The problem: Pictures stay out of the output. Return exactly the lines below from the one with "zdjęcie plakatu informującego, że" down to the one with "deserted train station", both included, and nothing more.

Data listing:
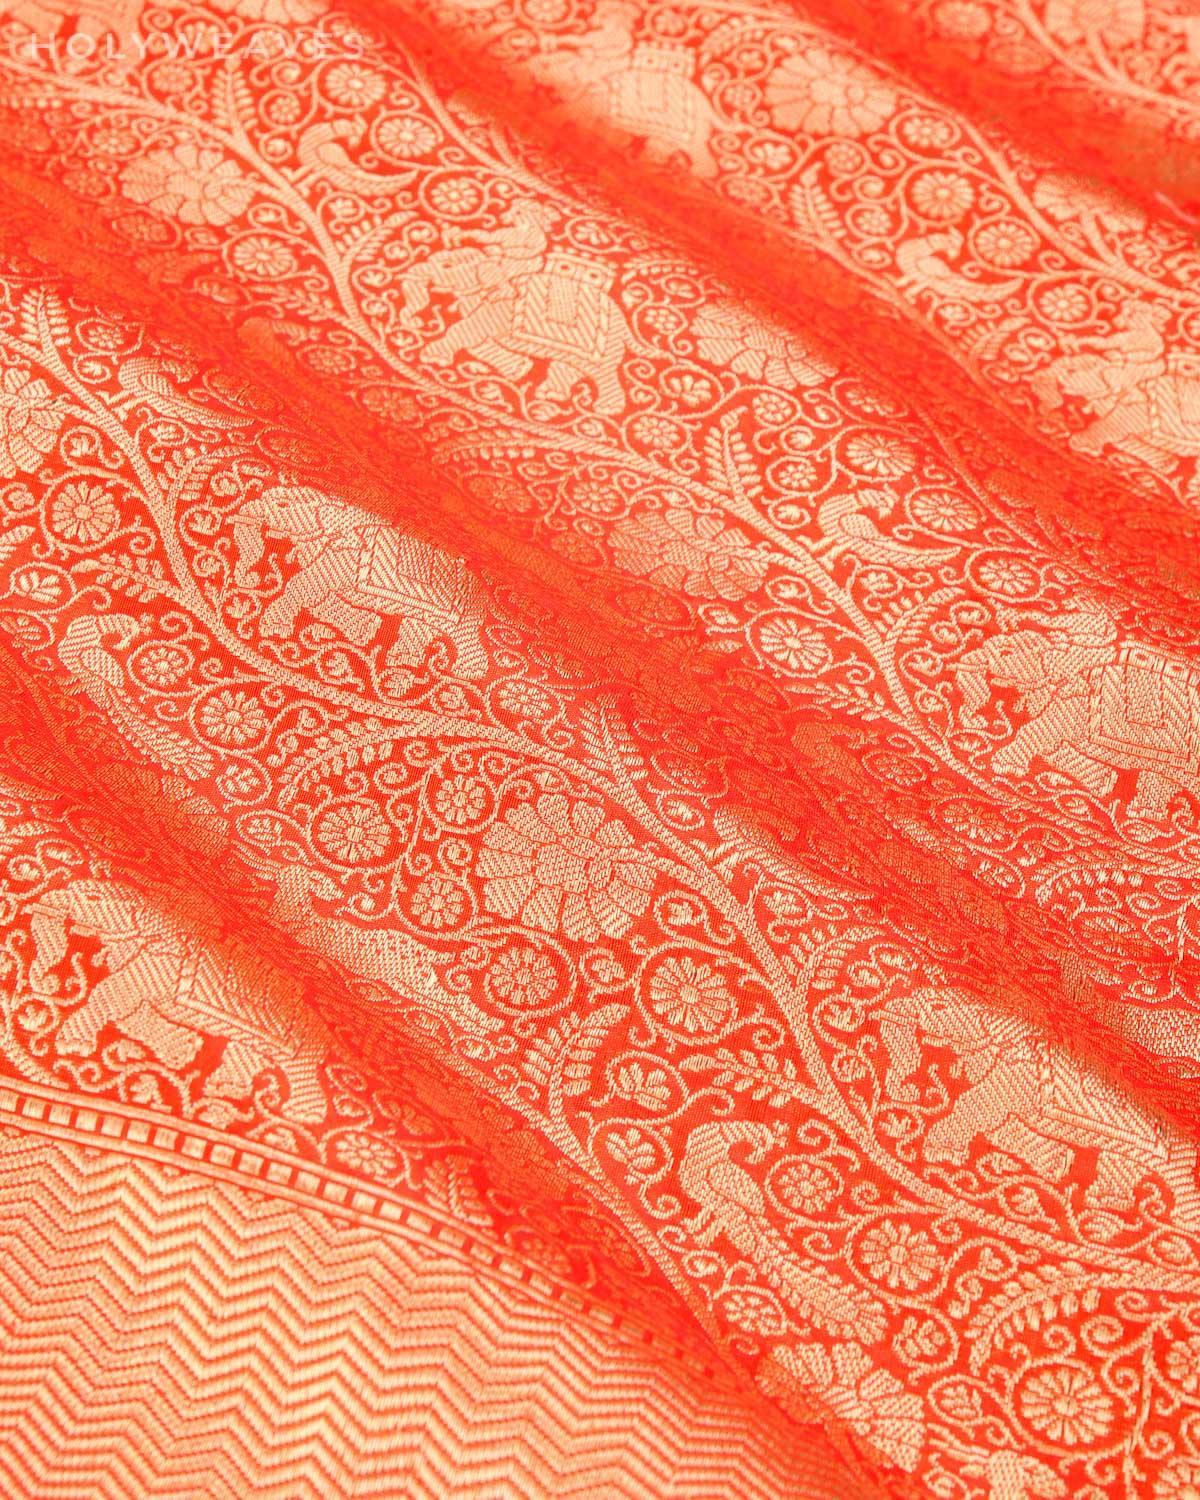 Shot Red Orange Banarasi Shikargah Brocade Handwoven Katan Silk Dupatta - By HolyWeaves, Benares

==

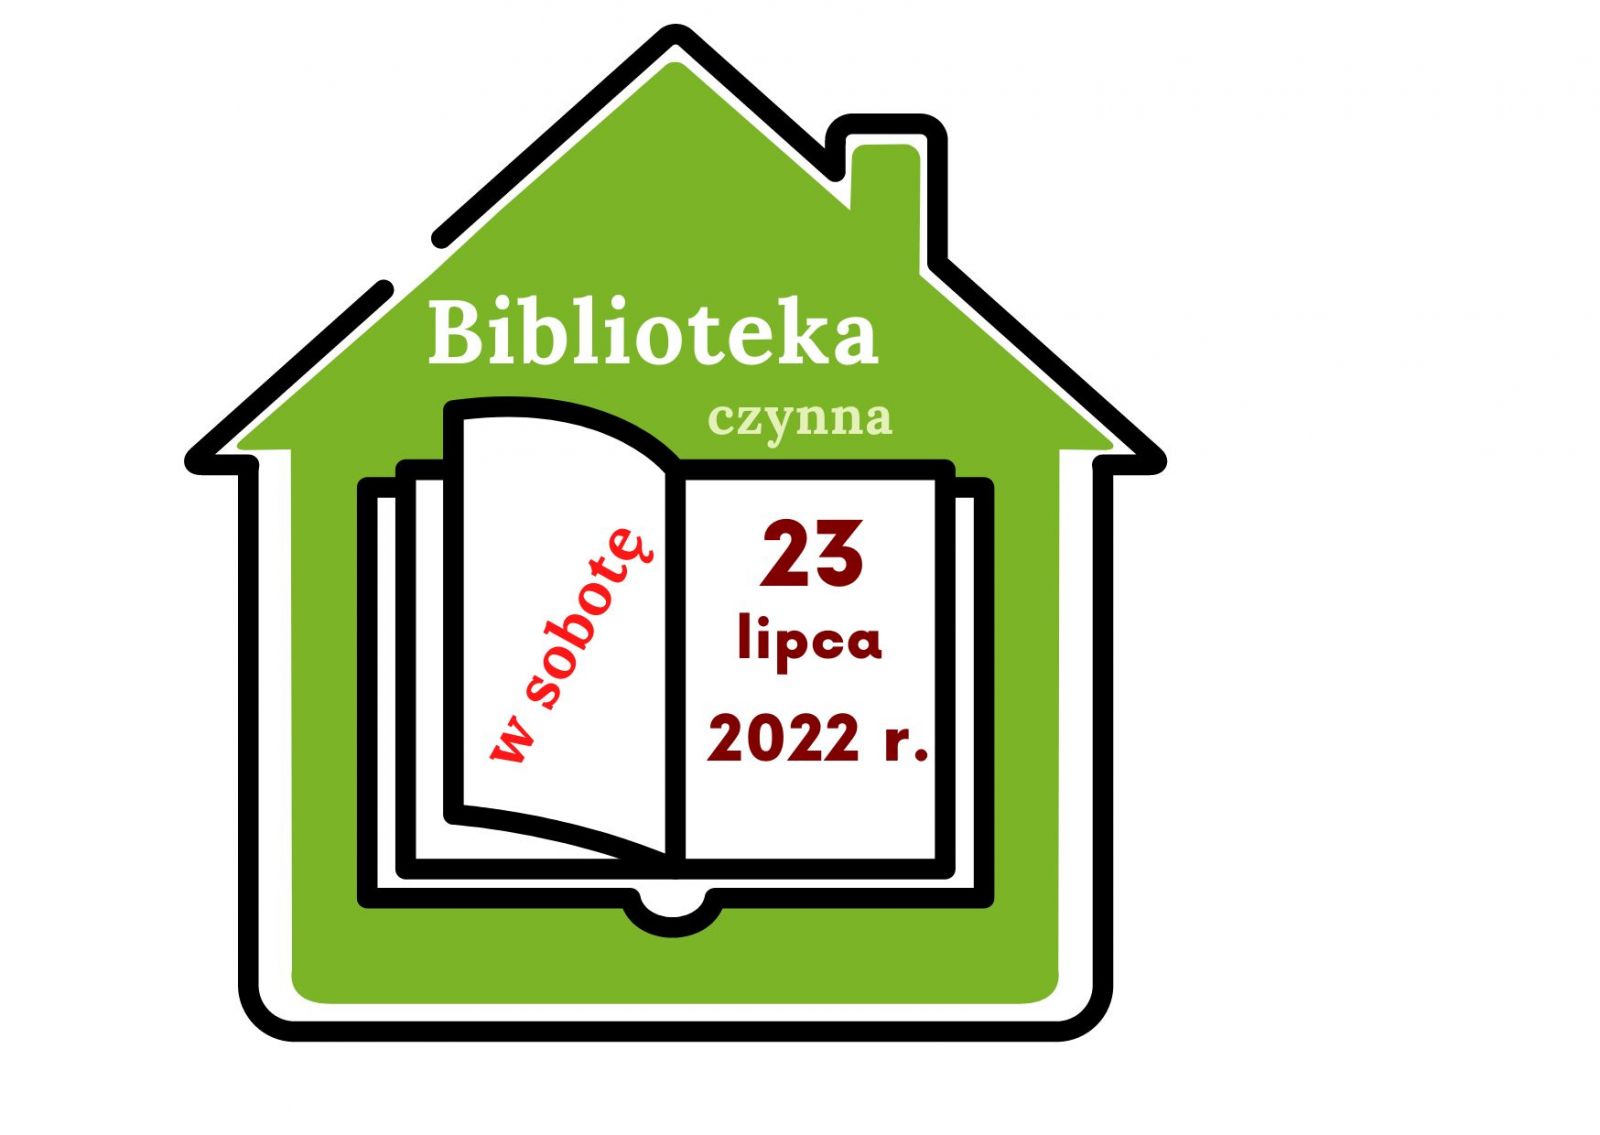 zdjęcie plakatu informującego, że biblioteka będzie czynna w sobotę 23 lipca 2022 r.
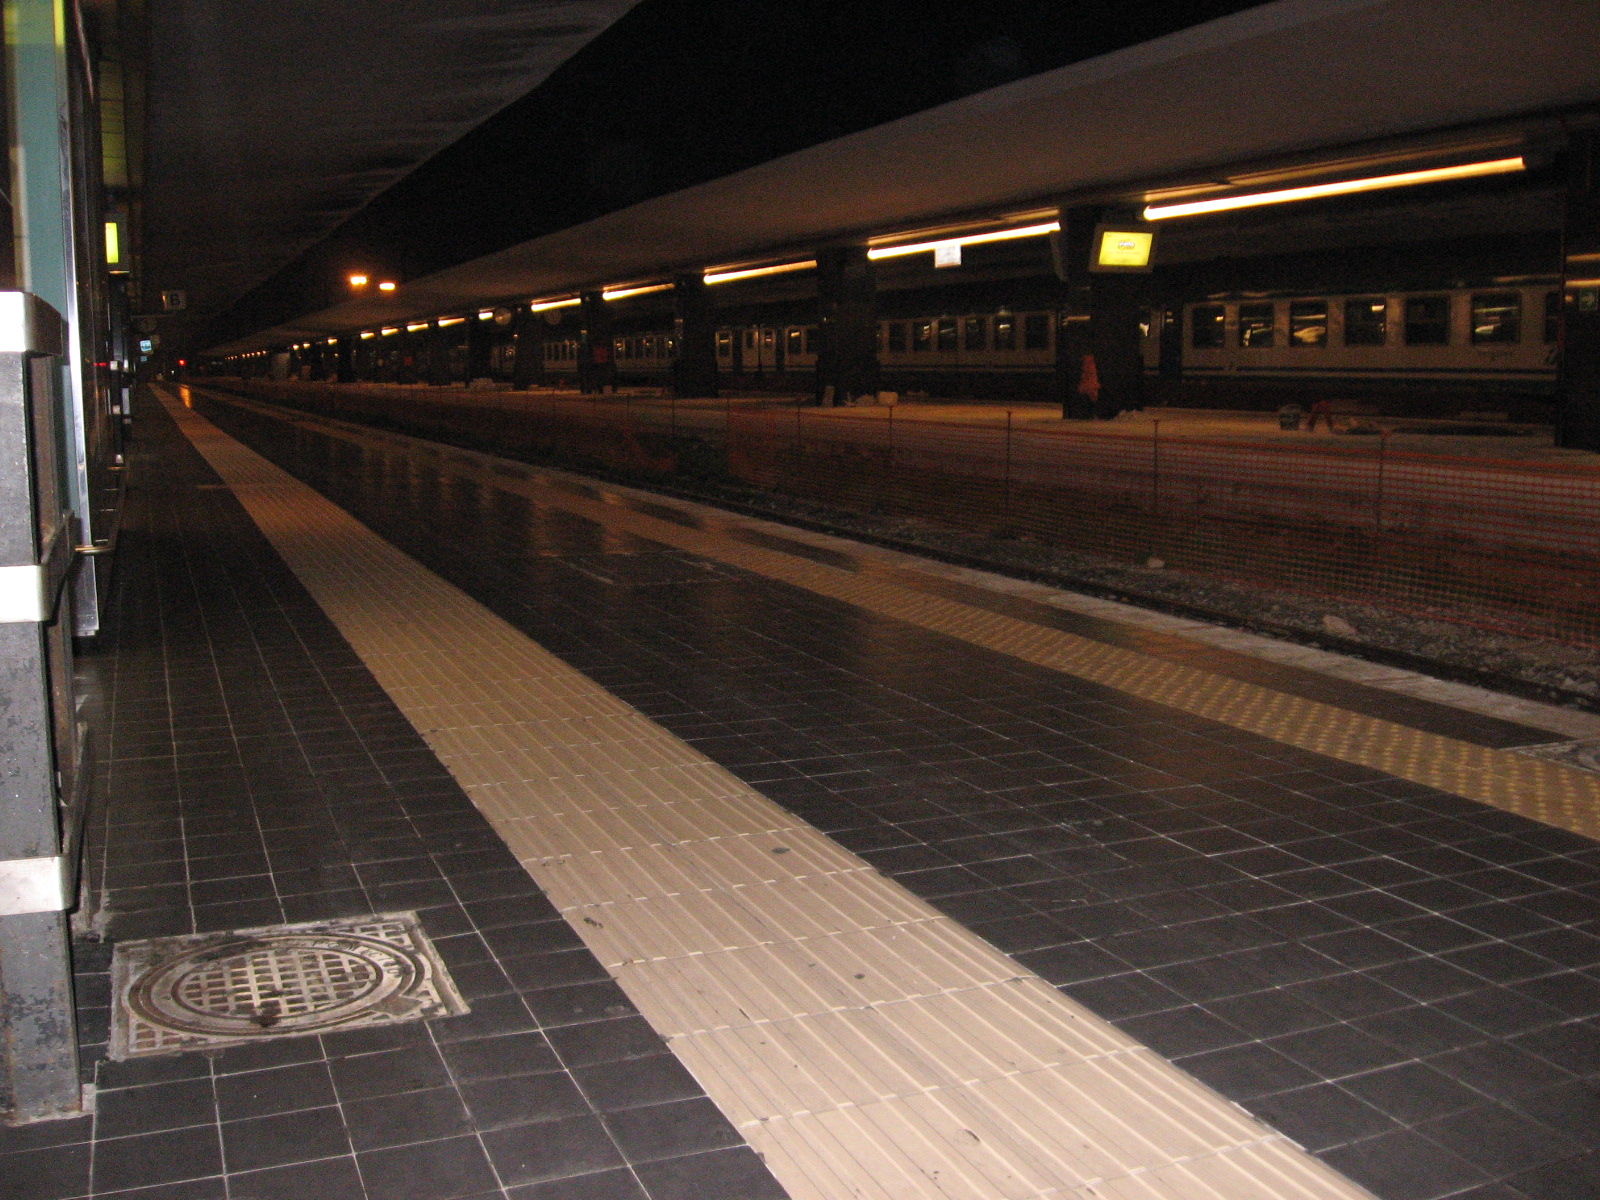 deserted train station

--

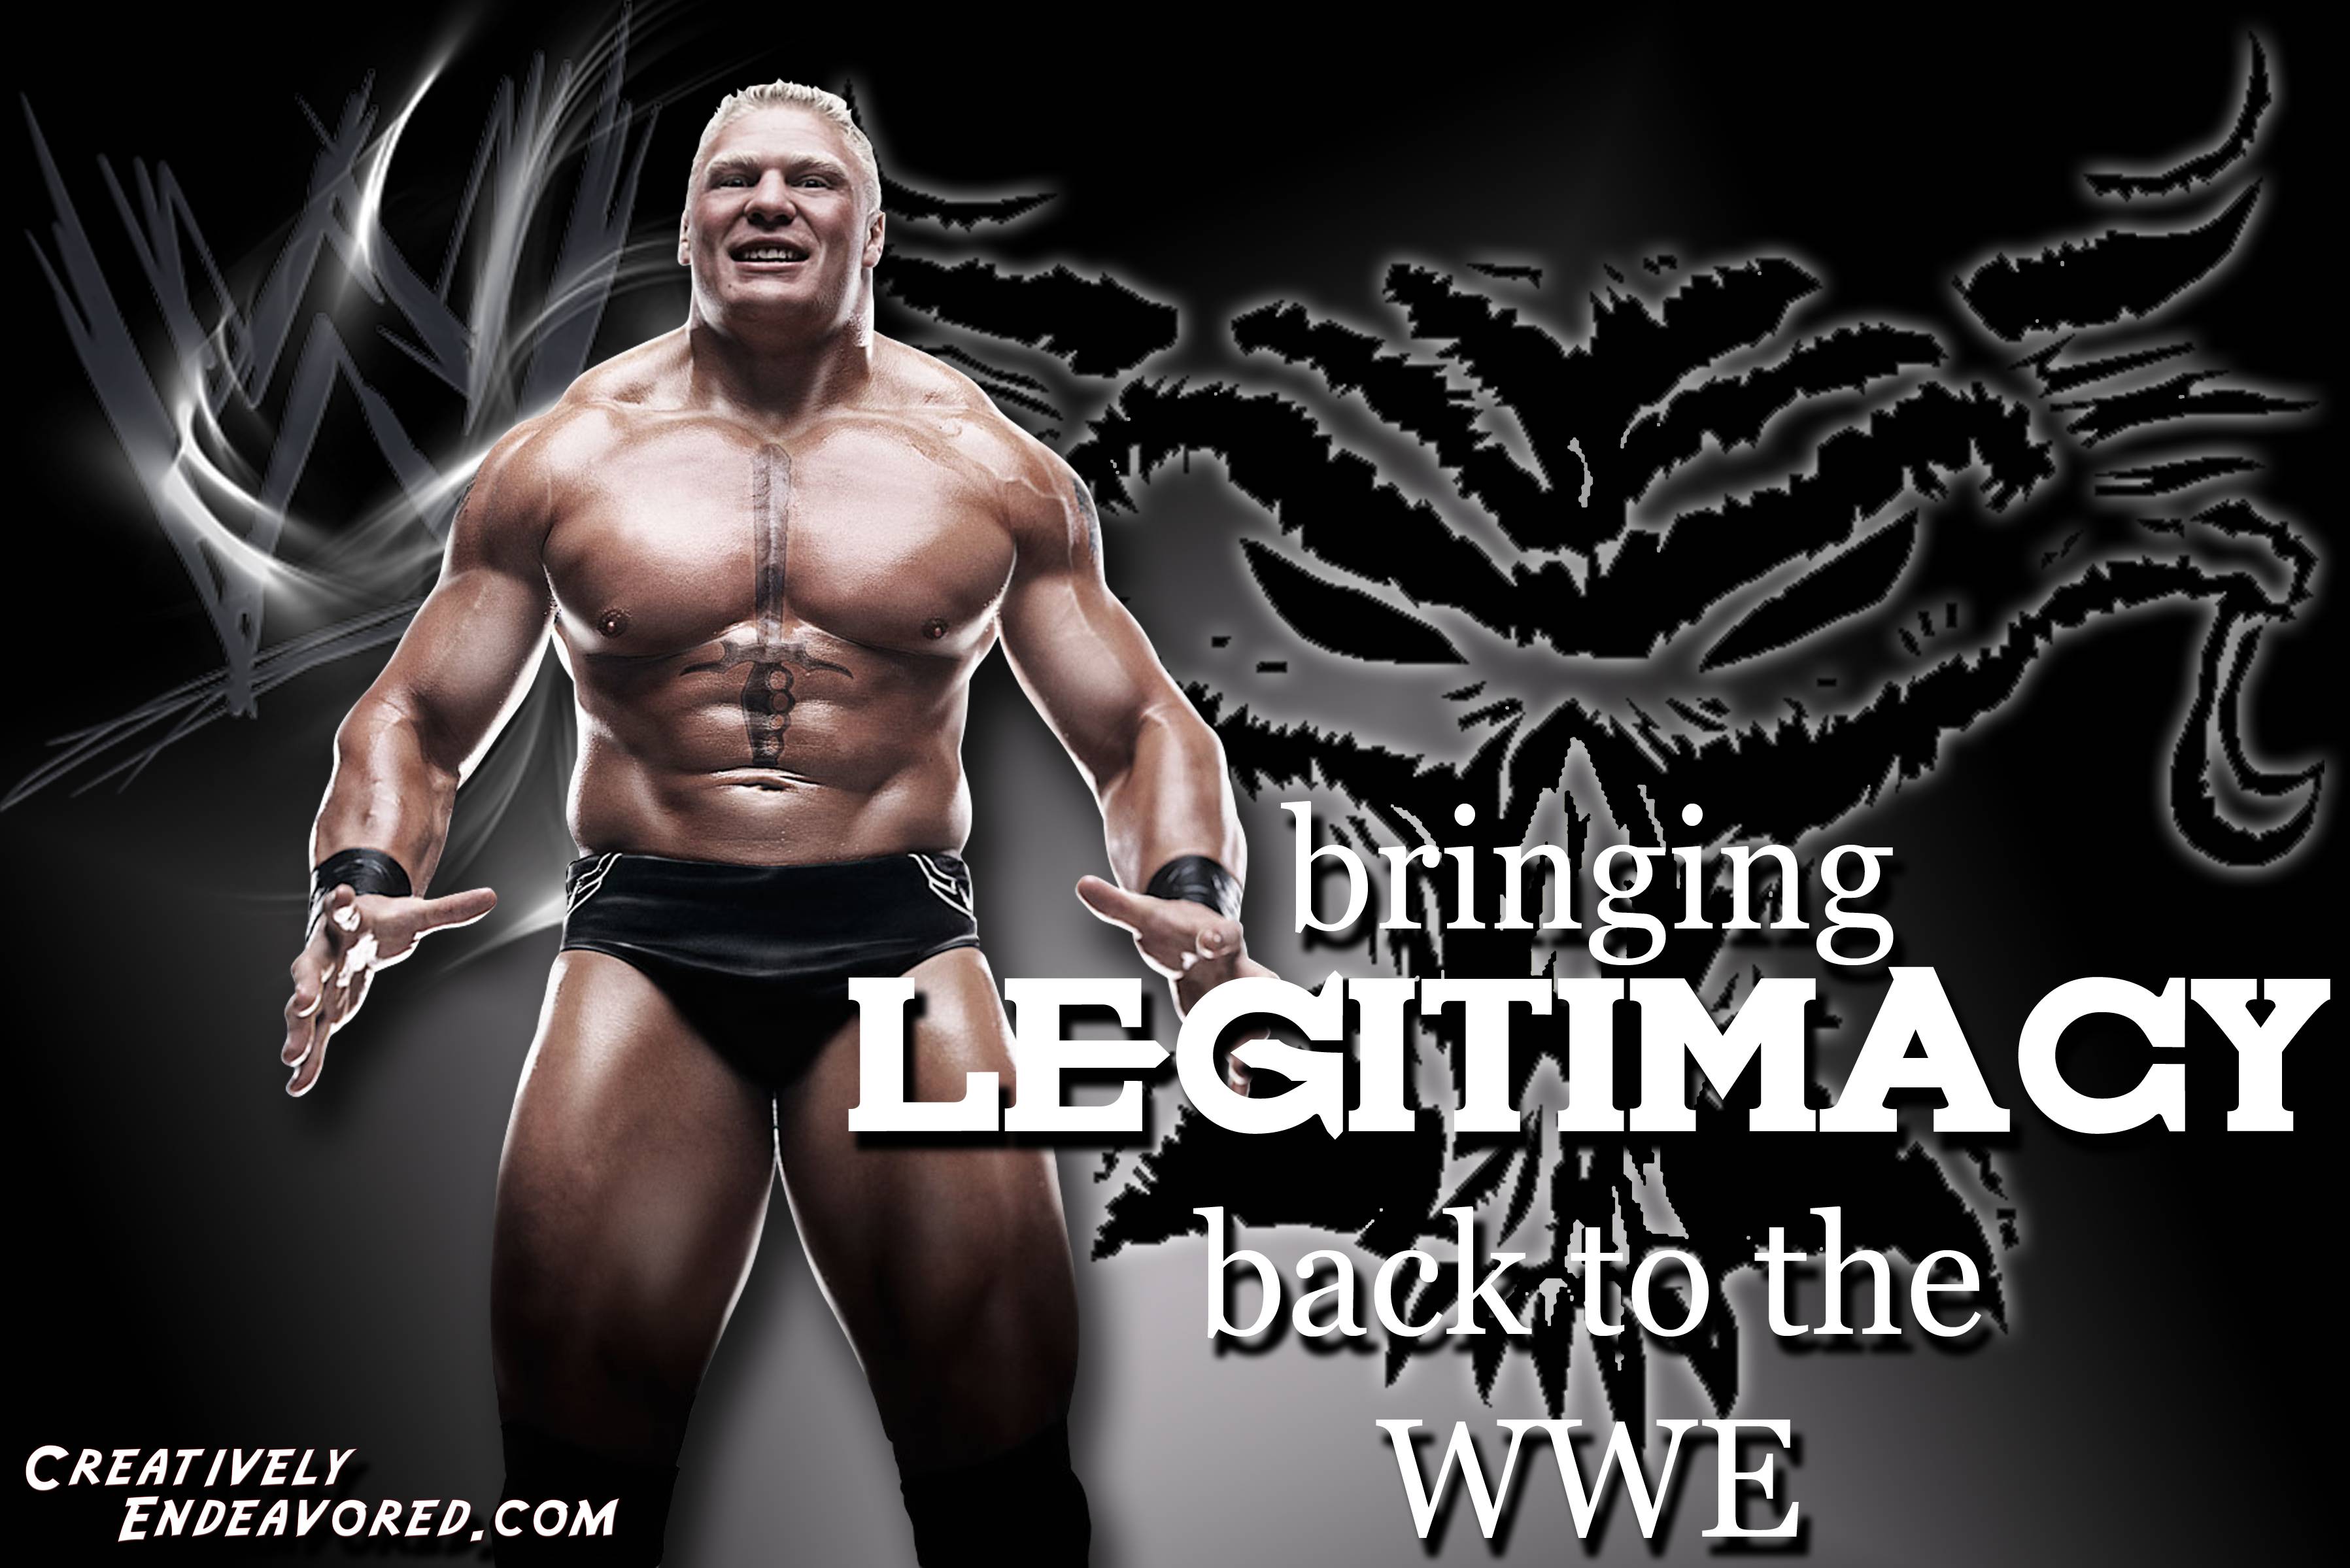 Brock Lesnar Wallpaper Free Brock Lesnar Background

Your solution:
 zdjęcie plakatu informującego, że biblioteka będzie czynna w sobotę 23 lipca 2022 r.
 deserted train station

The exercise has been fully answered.